- **Work to complete**
In the records below, find the line holding "Divider I Golf" and the line holding "stehend in Abendkleidern.". Set down both, with every line between them, exactly.

(Dataset entries begins)

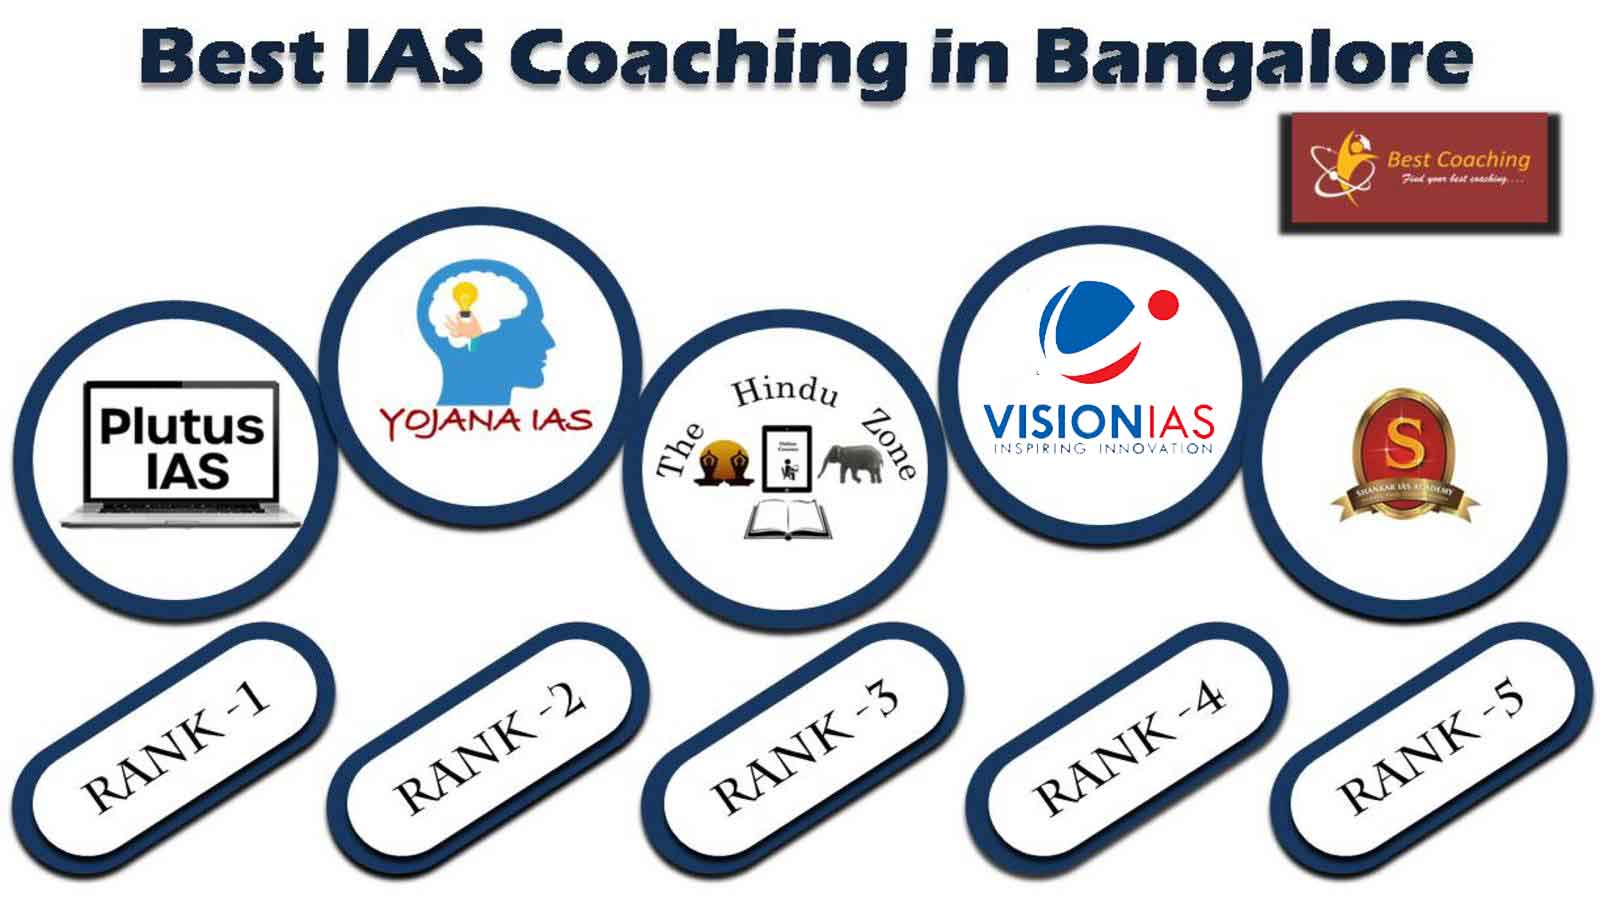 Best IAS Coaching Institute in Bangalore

(Dataset entries ends)
(Dataset entries begins)

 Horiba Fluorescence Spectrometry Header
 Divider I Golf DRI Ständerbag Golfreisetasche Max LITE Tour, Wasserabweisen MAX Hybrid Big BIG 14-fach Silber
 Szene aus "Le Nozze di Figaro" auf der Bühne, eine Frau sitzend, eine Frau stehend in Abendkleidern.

(Dataset entries ends)
(Dataset entries begins)

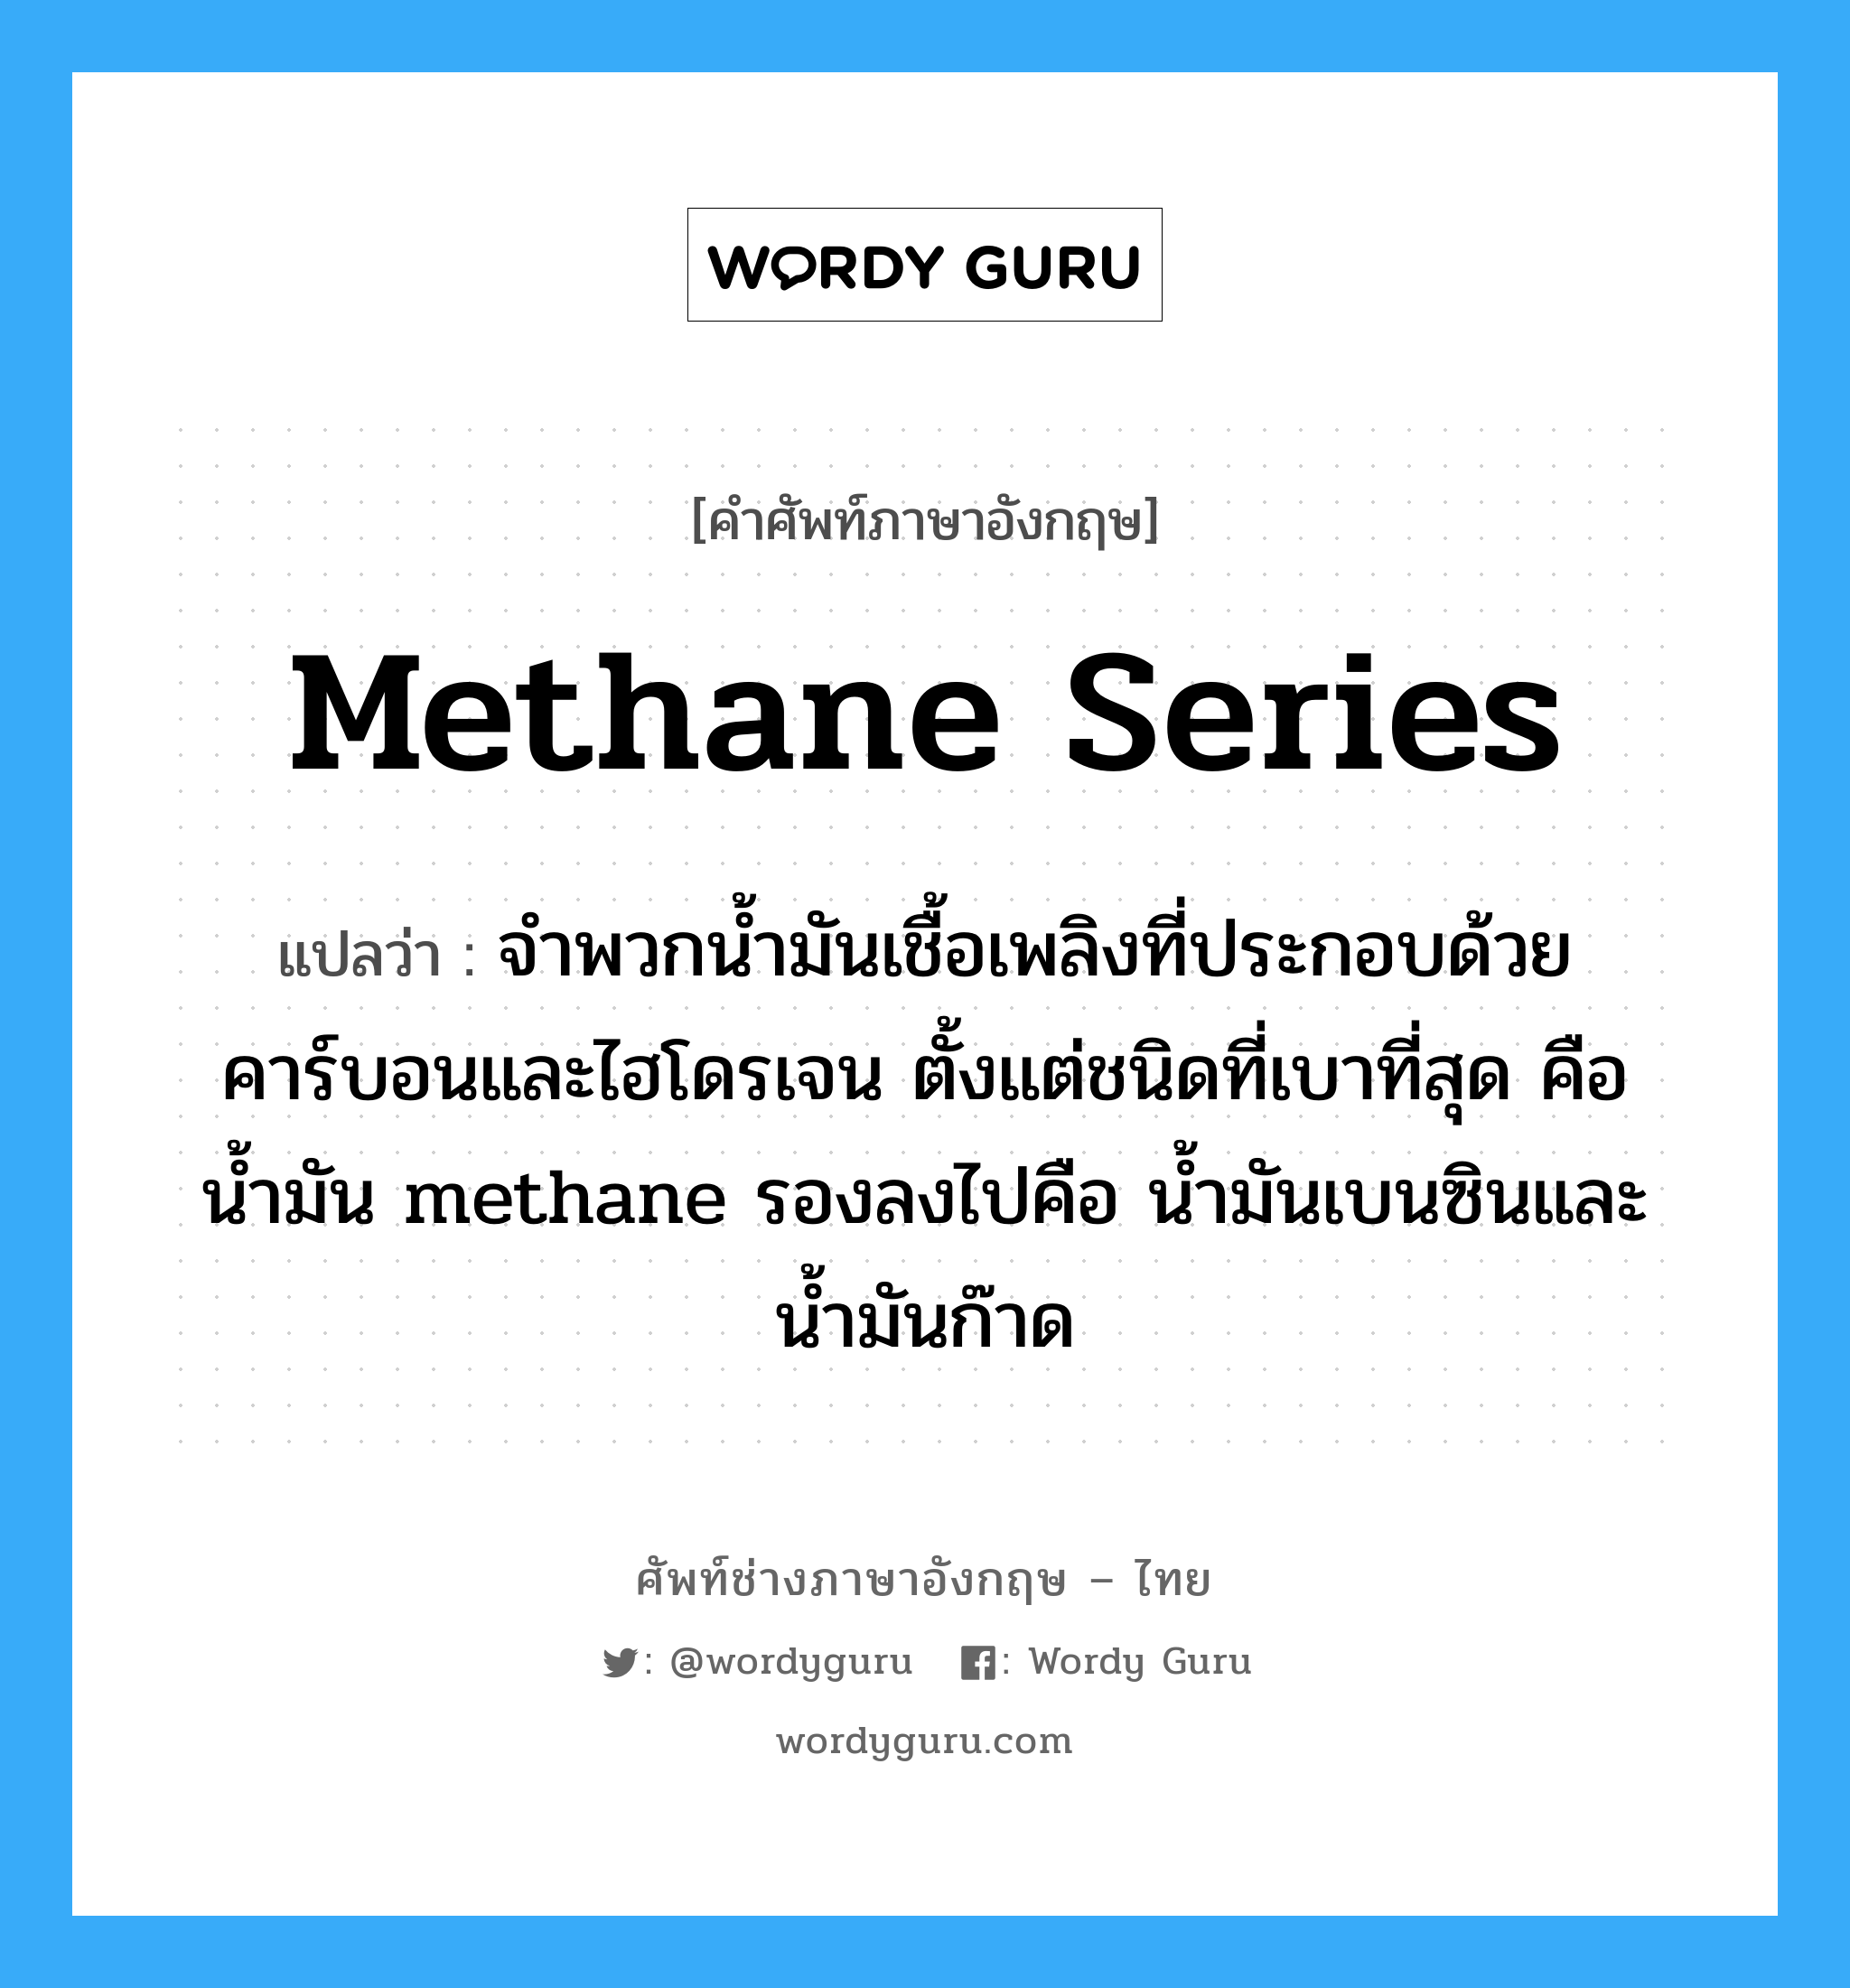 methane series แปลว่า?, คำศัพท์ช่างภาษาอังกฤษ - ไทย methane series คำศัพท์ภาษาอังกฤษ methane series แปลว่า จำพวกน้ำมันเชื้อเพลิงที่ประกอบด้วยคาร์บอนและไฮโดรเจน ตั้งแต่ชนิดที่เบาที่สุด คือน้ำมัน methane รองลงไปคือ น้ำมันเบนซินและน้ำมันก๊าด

(Dataset entries ends)

- **Response below**
 Divider I Golf DRI Ständerbag Golfreisetasche Max LITE Tour, Wasserabweisen MAX Hybrid Big BIG 14-fach Silber
 Szene aus "Le Nozze di Figaro" auf der Bühne, eine Frau sitzend, eine Frau stehend in Abendkleidern.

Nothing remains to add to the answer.